Unlike traditional lending, RBF disburses incentives only after installations have been completed, operational, and independently verified.
“Results-Based Financing is not about promises. The systems must be installed, functional, and verified by an independent third party before any incentives are paid out,” Semakula explained.
Equity Bank has implemented several RBF initiatives in partnership with organisations such as GIZ-NDEF, supporting the rollout of solar energy systems and improved cookstoves in underserved communities.
Tangible impact across sectors
The bank reports growing evidence of impact across households, schools, and small enterprises.
In rural communities, families are increasingly shifting from charcoal and kerosene to cleaner cooking solutions, resulting in reduced fuel expenditure and improved indoor air quality.
Small businesses such as salons, retail shops, and agro-processors are also adopting solar systems to extend operating hours and reduce dependence on the national grid.
In the education sector, schools in off-grid and underserved areas—including districts such as Alebtong—have benefited from solar installations, enabling evening study sessions and improved learning conditions.
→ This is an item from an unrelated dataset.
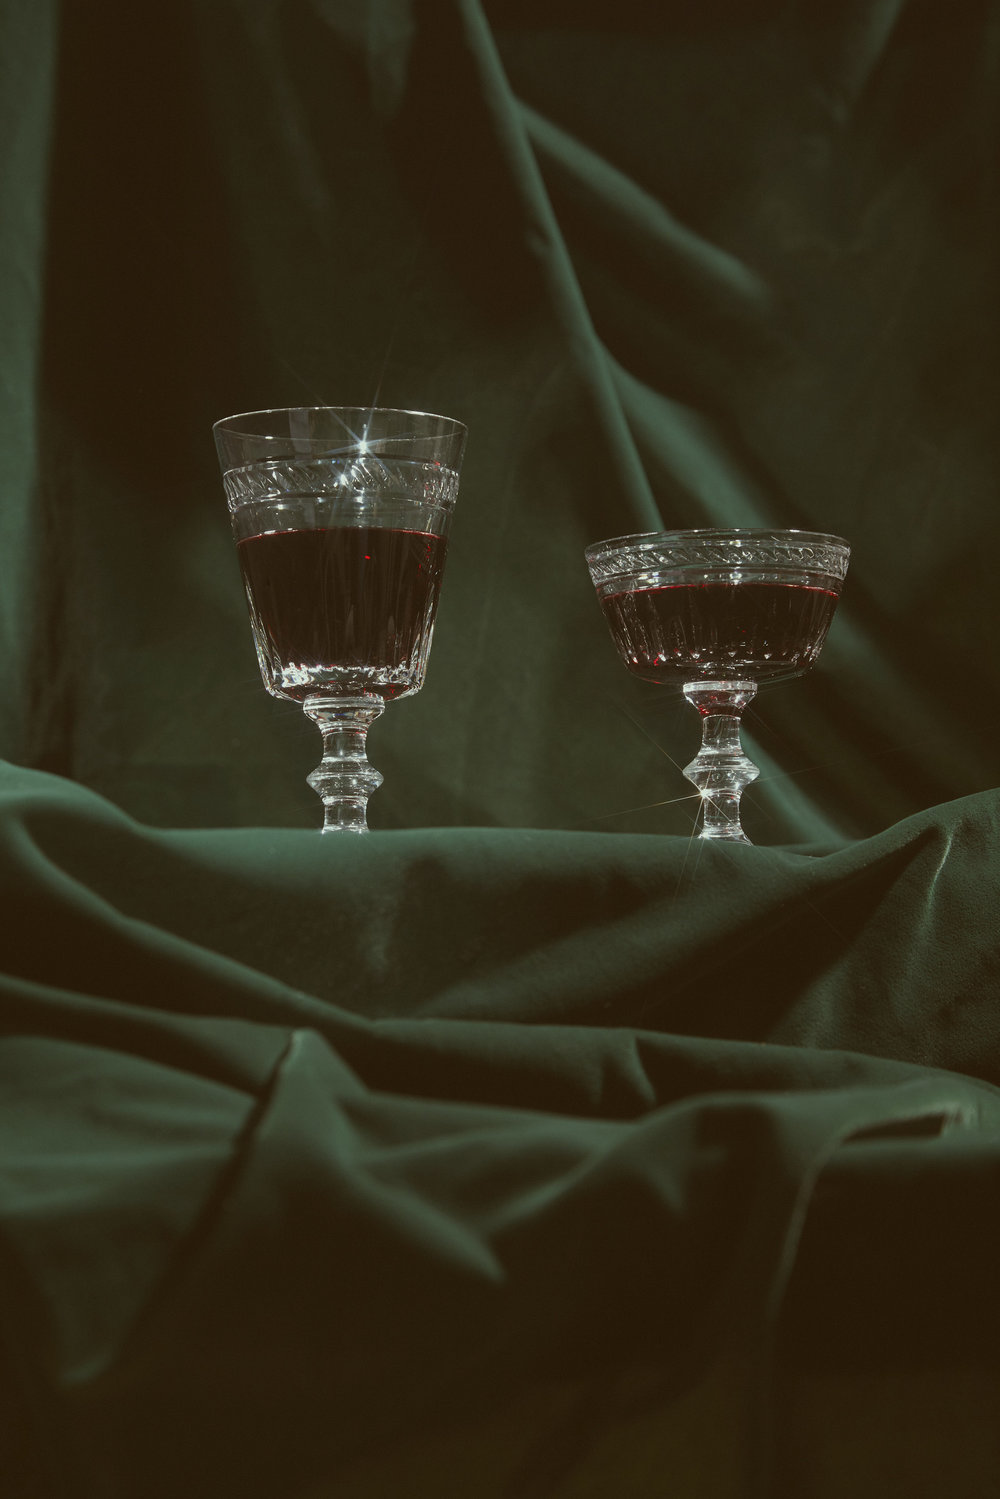 161213_glassware17307.jpg

“In some schools, electricity access has changed everything. Students can study longer, enrollment has increased, and academic performance has improved,” Semakula noted.
Boosting Uganda’s renewable energy market
Equity Bank says its green financing strategy is also contributing to the growth of Uganda’s renewable energy ecosystem by attracting more solar companies, increasing competition, creating jobs, and gradually reducing technology costs.
Despite progress, the sector still faces perception challenges, with some financial institutions viewing renewable energy lending as high-risk due to concerns over repayment and system performance.
However, Equity Bank maintains that its data from RBF programmes demonstrates strong repayment rates and growing customer confidence, signalling commercial viability in the sector.
“There has always been concern that customers may not repay or that systems may fail, but the results are showing otherwise. Customers are paying, and adoption is growing,” Semakula said.
Expanding awareness and access
As part of its broader strategy, Equity Bank plans to roll out public awareness initiatives during Energy Month, including “Green Friday” activations where customers will interact directly with renewable energy technologies through demonstrations and exhibitions.
The bank is also expanding partnerships with renewable energy providers to widen customer choice, improve service quality, and enhance price competitiveness.
In addition, financial literacy programmes are being scaled up to educate Ugandans on selecting, financing, and effectively using clean energy solutions.
Long-term vision
Equity Bank says its long-term goal is to make renewable energy financing as accessible as everyday credit products such as school fees or boda boda loans.
“Our vision is a Uganda where every household and business can access clean energy without taking on unmanageable debt,” Semakula said.
The bank estimates that Uganda’s green financing ecosystem has the potential to unlock hundreds of millions of dollars in renewable energy investments as financing barriers continue to reduce.
For Equity Bank, clean energy is no longer only an environmental agenda but an economic necessity.
“Clean energy is about better health, lower costs, improved education, stronger businesses, and better livelihoods. That is the future we are financing,” Semakula added.